Actually, there are quite a number of ways: for example, through deliberate lawmaking, responsible research & development (e.g. technology assessment), through enlightened consumer choices and sustainable use of human and natural capital assets. But they often come at a high cost and involve more fundamental questions:
- How can politicians and lawmakers regulate the market for the common good without suffocating it?
- How can big corporations and tech companies continue to deliver innovative services without monopolizing the market and dominating their customers?
- What does a fair distribution of income look like?
- How do we assign value to natural and social goods (like clean air or low crime rates) and how do we measure sustainable welfare beyond traditional economic growth?
- How can consumers harness their own power to make informed choices and act in accordance with their values?
- Are digital business models based on artificial intelligence and machine learning threatening the autonomy of consumer choice?
- What does corporate social responsibility look like in times of crisis?
These and other questions are not only of interest to economists and business people but are relevant to all economic agents (individuals, companies, state institutions, etc.).

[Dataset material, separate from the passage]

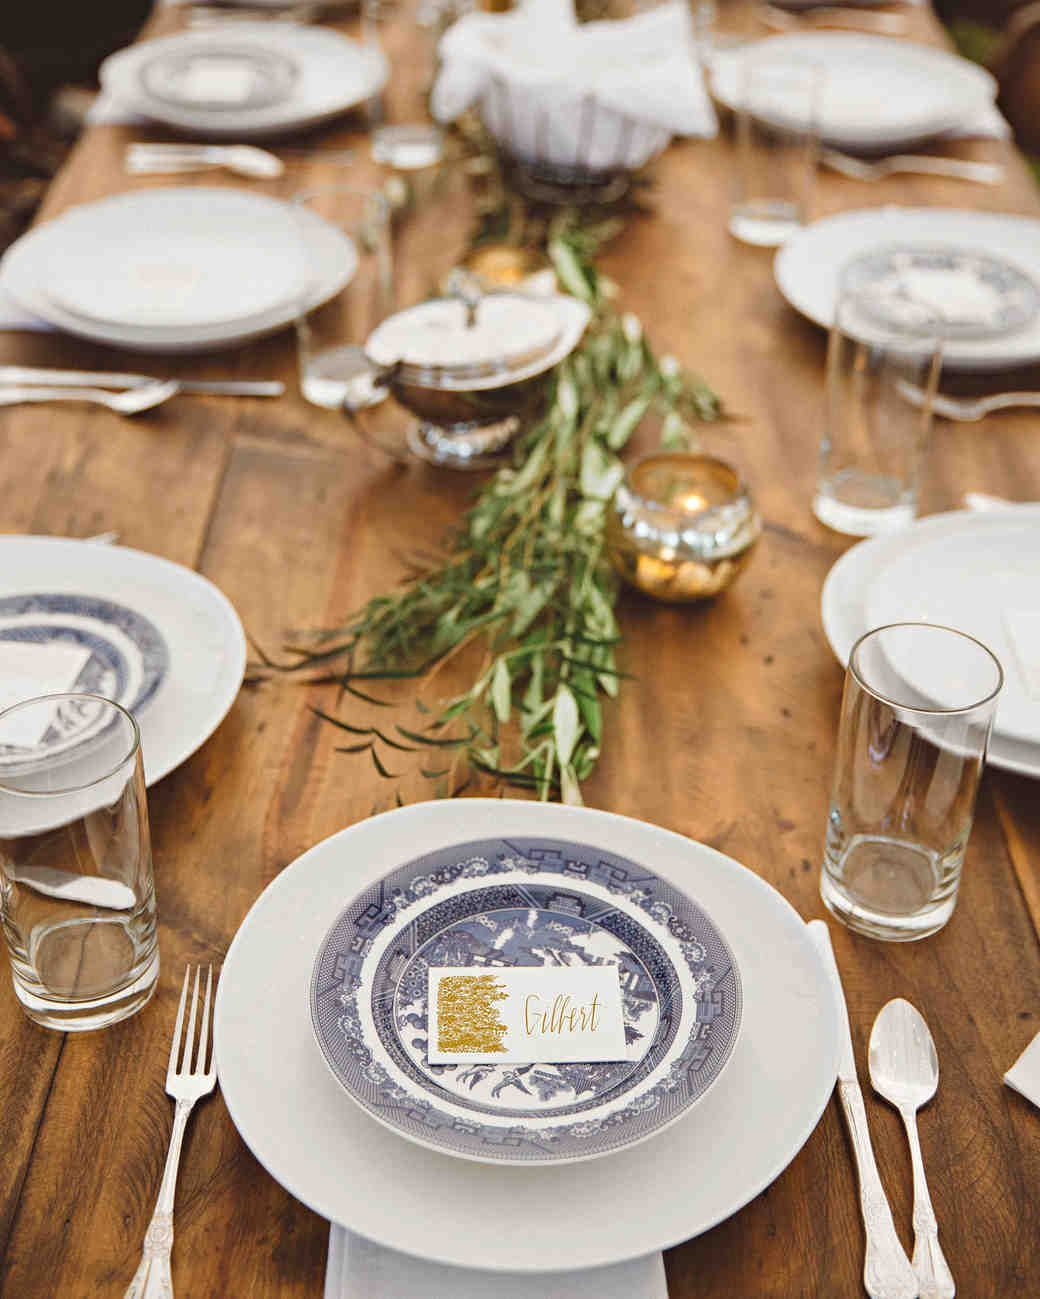 A Diy Wedding With A Ceremony In A Pool Wedding Floral Centerpieces Rustic Wedding Centerpieces Non Floral Centerpieces

To answer these questions, the course equips participants with key ethical approaches to economic behavior (virtue ethics, religious teachings, deontology, utilitarianism, master morality, neo-liberalism), approaches which have been or still are dominating ethical discourses on economic behavior.
These ethical approaches and ideas range from Ancient Greek philosophy to modern economic theory (Friedman, Ostrom, and Game Theory). Since religions, philosophies and social theories are major sources of ethical conduct, the course covers a wide array of these, including teachings of the Catholic Church fathers, ideas from European modern period philosophy (Kant, Mill, Nietzsche) and from modern critical sociology (Veblen, Weber, Adorno, Marcuse).
As a major learning outcome, participants develop ethical frames of reference which allow them to identify and tackle ethical dilemmas posed by today’s economy. Particularly, they will learn do adopt strategies that avoid moral hazards and self-harming or self-defeating behavior. Thus, they will be able to act ethically conscious in real life situations, be it…
- as decision-makers in firms and investment companies allocating capital, workforce and bonuses,
- as scientific researchers launching technologies that impact human life and the environment,
- as customers rewarding sustainable or punishing unsustainable business models, production methods or supply chains or
- as lawmakers or leaders of NGOs setting legal and ethical standards and fighting collusion, corruption, fraud, exploitation, overproduction & -consumption, wastefulness, obsolescence, extinction, free-riding or other forms of cost externalizing.
Participants’ learning outcomes will be put to test in a hands-on way:
- when we discuss contemporary topics in business or economic ethics,
- when we conduct online expert interviews on e.g. corporate compliance, digital business models or the ethics of artificial intelligence and
- when we play (and have fun with) a CSR (corporate social responsibility) online simulation game.
Below the line, participants will learn to analyze, interpret and transform economic behavior – first and foremost their own!